How to extract, modify and restore correctly modified bounding boxes

我正在尝试做相对简单的代码,我提取图像中某些区域的轮廓并在其上绘制 1 个或多个矩形(通常使用“Object 检测模型”)(工作正常) .但是,然后我需要将裁剪区域上绘制的矩形的坐标转换回原始图像(并在其上绘制它们以确保转换顺利进行)(当前情况并非如此)。

我遇到的问题可能与我计算最终 cv2.getPerspectiveTransform 的变换矩阵的方式有关,但我还找不到正确的方法。我已经尝试使用原始系统的坐标(如下例所示)或绘制的框的坐标,但 none 似乎给出了预期的结果。

给出的示例是绘制框的简化案例,因为通常情况下,这些框的坐标将由 AI 模型给出。
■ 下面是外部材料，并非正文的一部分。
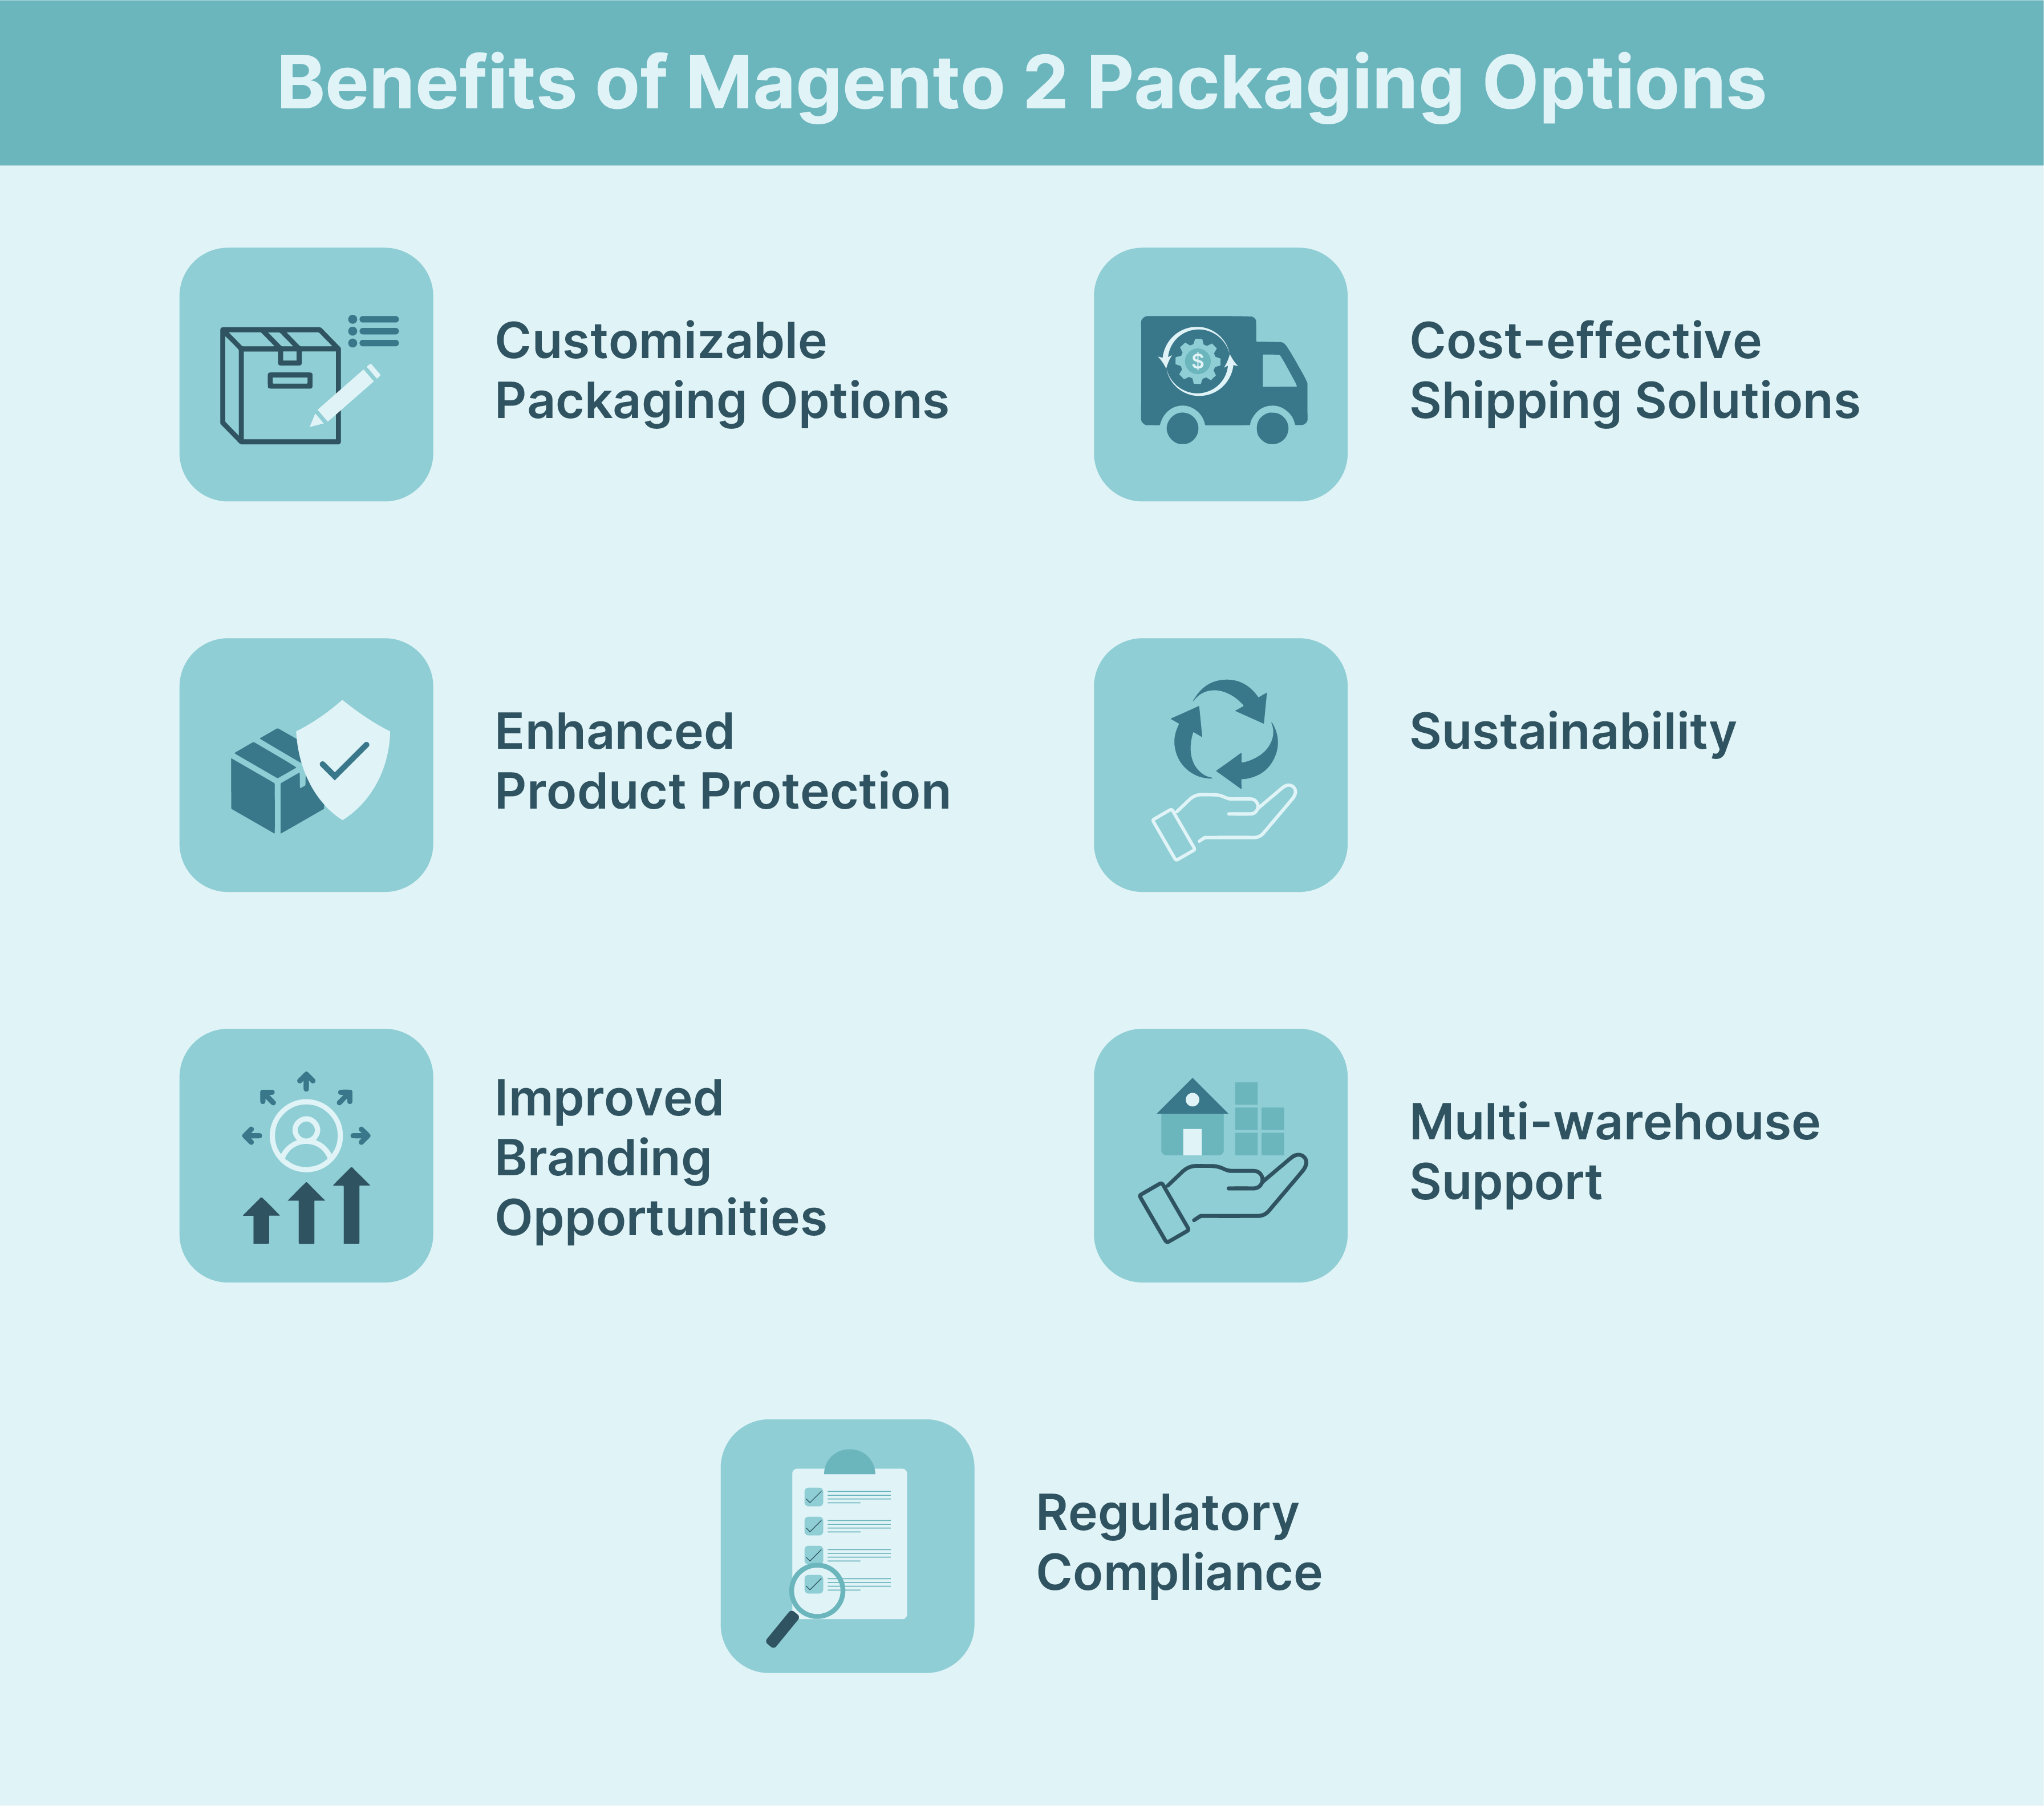 Benefits of Magento 2 packaging option

此外,不能简单地在绘制的图像上重复使用 cv2.warpPerspective,因为主要兴趣是绘制框的最终坐标。

起始图片:

第一个提取的矩形的结果(良好):

第二个提取的矩形的结果(良好):

绘制矩形的起始图像的结果(错误结果):

import numpy as np, cv2, os, copy

#-------------------------
# Starting information

PATH = r"C:\Users\vincentrm\Pictures"
folder_final_dataset = os.path.join(PATH, "Test_folder_2")

if not os.path.isdir(folder_final_dataset): os.mkdir(folder_final_dataset)

img_name = os.path.join(PATH, "Test_img_rot_square.png");
mask_name = img_name;

# Used for the images writed during the process:
name_img_wo_extension = os.path.split(img_name)[1]
extension = os.path.splitext(name_img_wo_extension)[1]
name_img_wo_extension = name_img_wo_extension[:-len(extension)]

#-------------------------------------------
# Step #0: Read the image

input_img = cv2.imread(img_name)
mask_output = cv2.imread(mask_name)

mask_output = cv2.cvtColor(mask_output, cv2.COLOR_BGR2GRAY)
ret, mask_output = cv2.threshold(mask_output, 127, 255, 0)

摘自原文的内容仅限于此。